• 0

Can't PHP screen scrape


Question

Hey guys! On my website you all helped me display the text from another website. When the source website changed, you all helped me fix it so it would work again. It's broken once again so I decided I would try to learn it on my own but I can't figure it out. Could someone post the code and then explain what's going on by any chance? :cry:

So this is the site and I would like to display the downloads from that webpage. I would like it to load the downloads everytime someone loads MY webpage so the downloads are always current.

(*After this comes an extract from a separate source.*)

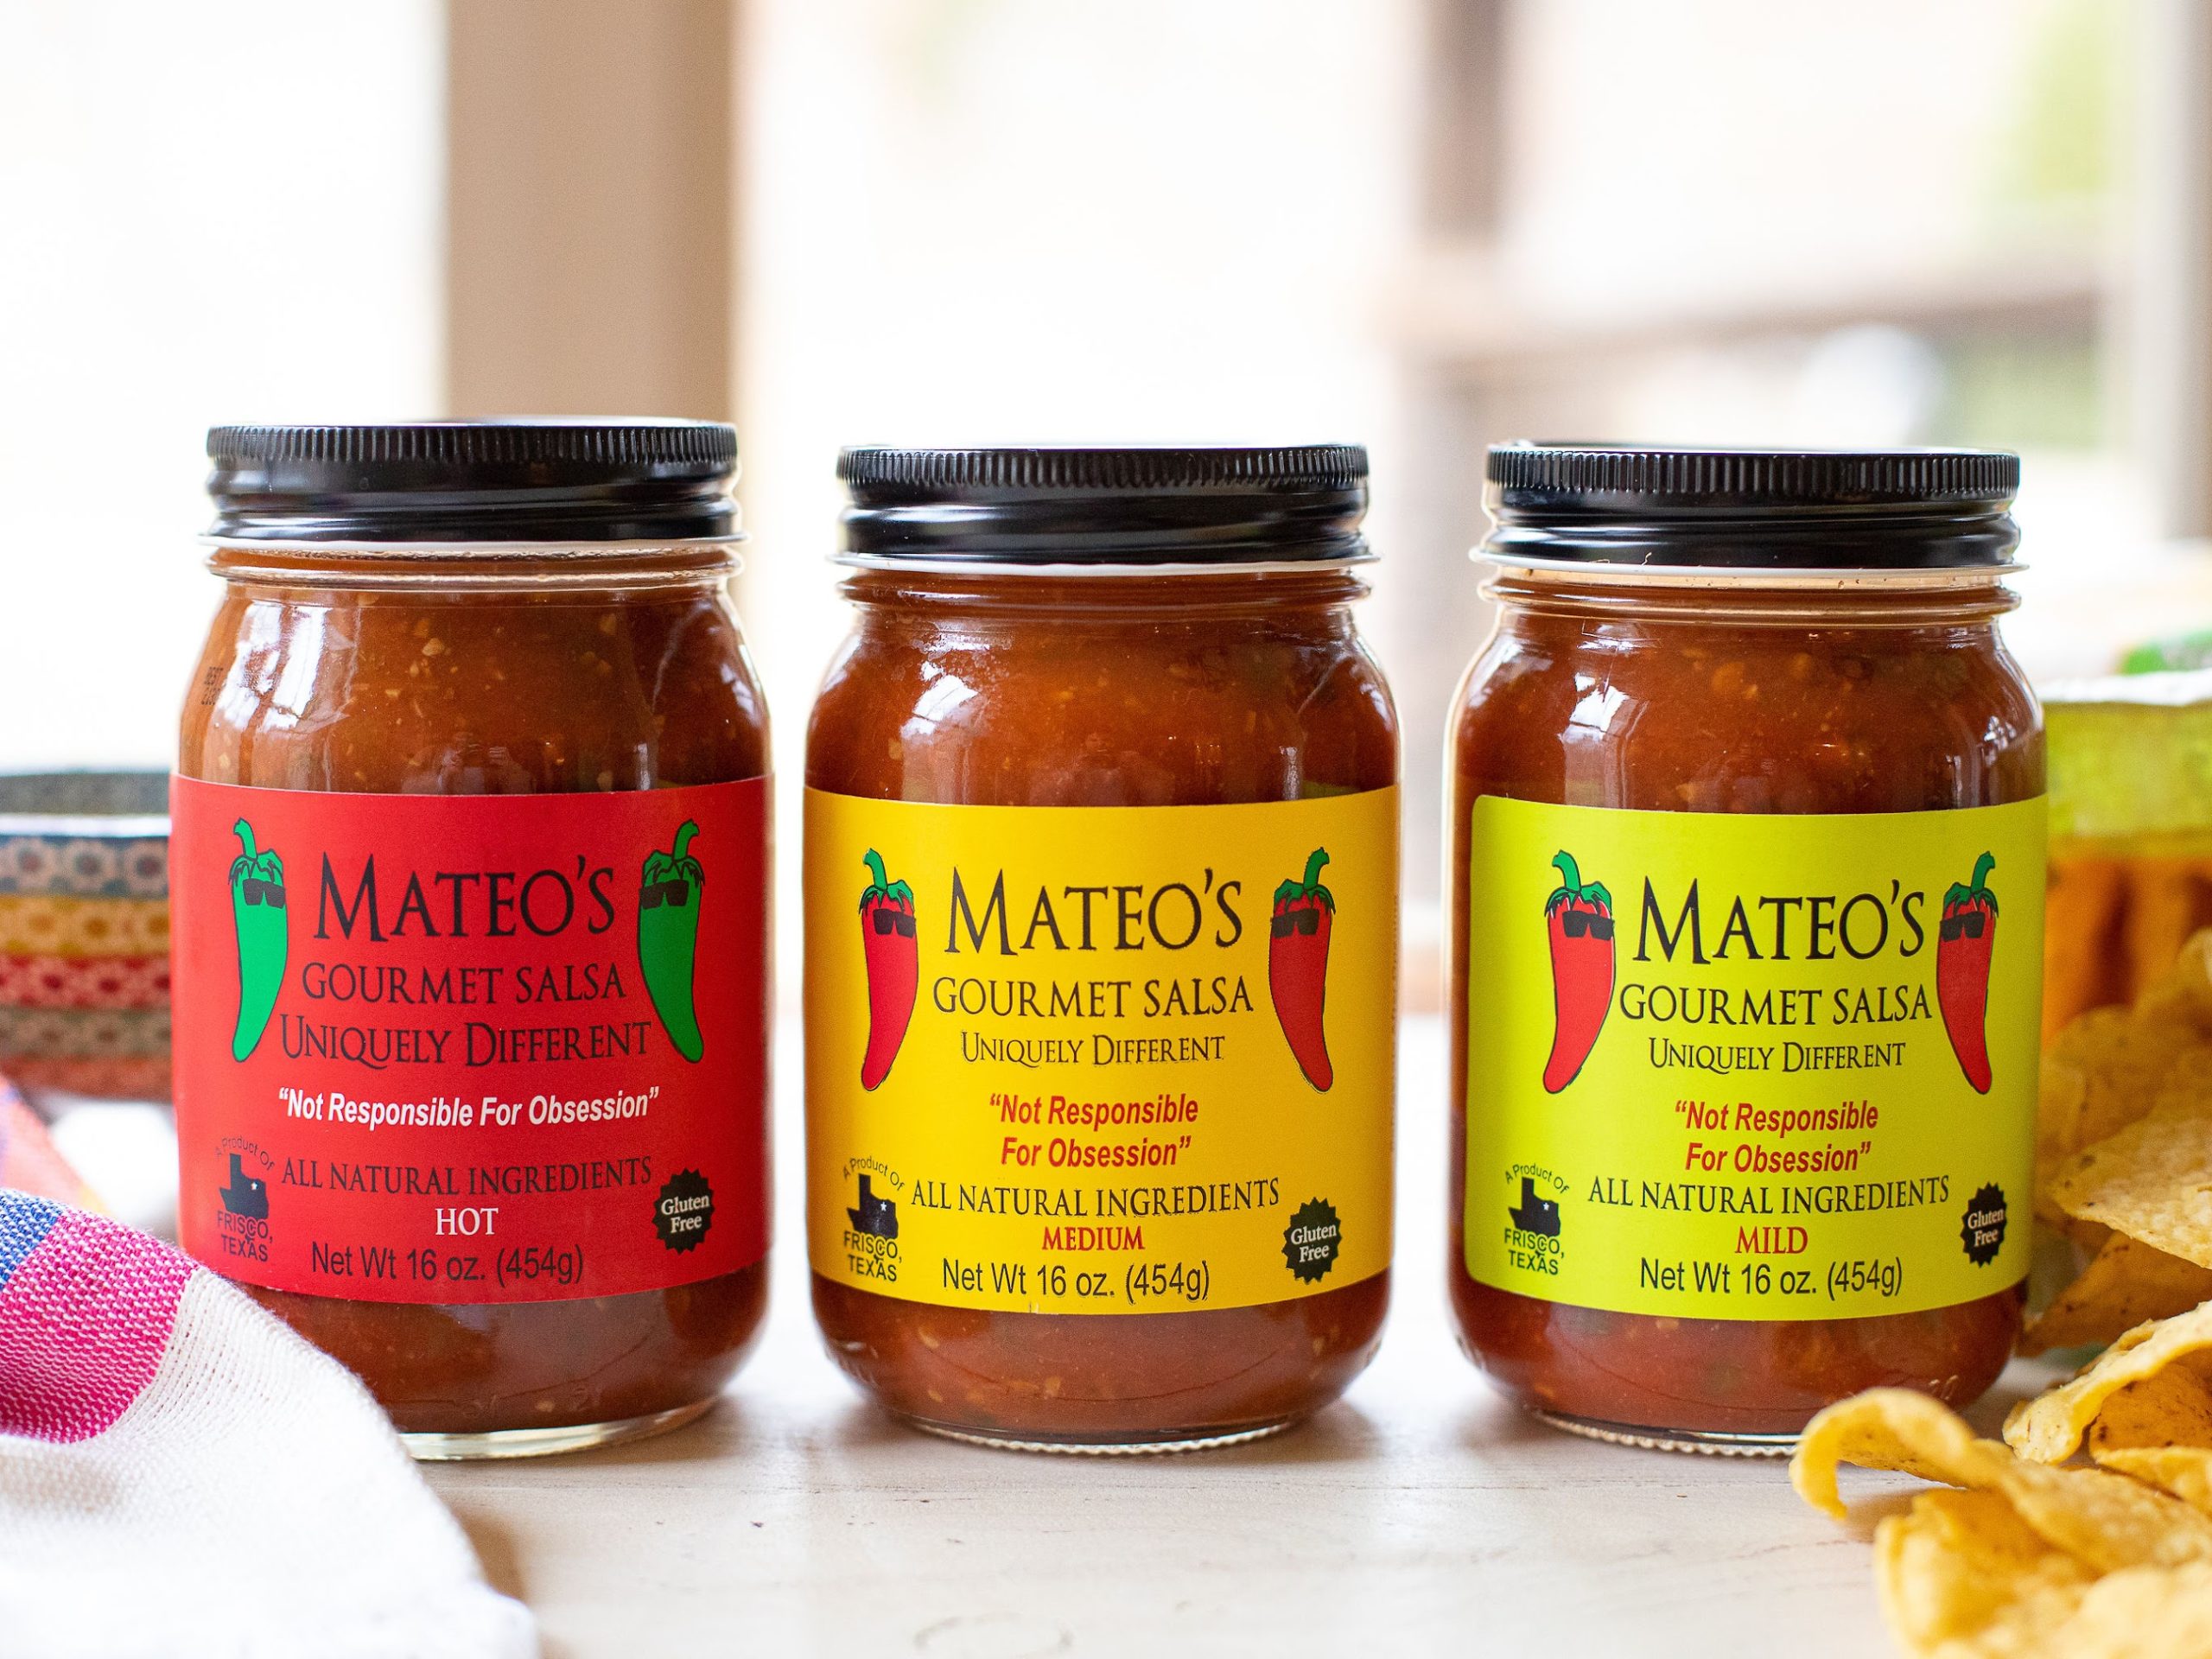 Mateo's Gourmet Salsa Available At Publix - Grab The Jars On Sale Right Now on I Heart Publix

https://addons.mozilla.org/en-US/firefox/addon/strike-49896/

Thanks again Neowinians!! :yes:

Link to comment
https://www.neowin.net/forum/topic/973286-cant-php-screen-scrape/
Share on other sites

16 answers to this question

Recommended Posts

  • 0

It is very easy using php oop.

$data = file_get_contents('https://addons.mozilla.org/en-US/firefox/addon/strike-49896/');

$html = new DOMDocument();

@$html->loadHTML($data);

foreach($html->getElementsByTagName('strong') as $strong):
        if ($strong->getAttribute('class') === 'downloads'):
                echo $strong->childNodes[0]->nodeValue;
        endif;
endforeach;

  • 0

<?php
$data = file_get_contents('https://addons.mozilla.org/en-US/firefox/addon/strike-49896/');

$html = new DOMDocument();

@$html->loadHTML($data);

foreach($html->getElementsByTagName('strong') as $strong):
        if ($strong->getAttribute('class') === 'downloads'):
                echo $strong->childNodes[0]->nodeValue;
        endif;
endforeach;
?>

I added this but it didn't work :(

http://firefox.thechillroom.com/strike.php

  • 0

YQL can make this easier...

Check out %27"]this query.

<?php
try{
  $response = new SimpleXMLElement(
    "http://query.yahooapis.com/v1/public/yql?q=select%20*%20from%20html%20where%20url%3D%22https%3A%2F%2Faddons.mozilla.org%2Fen-US%2Ffirefox%2Faddon%2Fstrike-49896%2F%22%20and%0A%20%20%20%20%20%20xpath%3D'%2F%2Fstrong%5B%40class%20%3D%20%22downloads%22%5D    null,
    true
  );
}catch(Exception $e){
  $response = null;
}

$count = '0';

if(null !== $response && 1 === count($response->results)){
  $count = (string)$response->results->strong;
}

echo $count;

It's untested, so you may have to tweak.

  • 0

Yeah I tested it after seeing your post and indeed it does not work. file_get_contents does not support https. There is some tweaks to get it to work but at this point it is not worth the effort. Anthony's approach is much better.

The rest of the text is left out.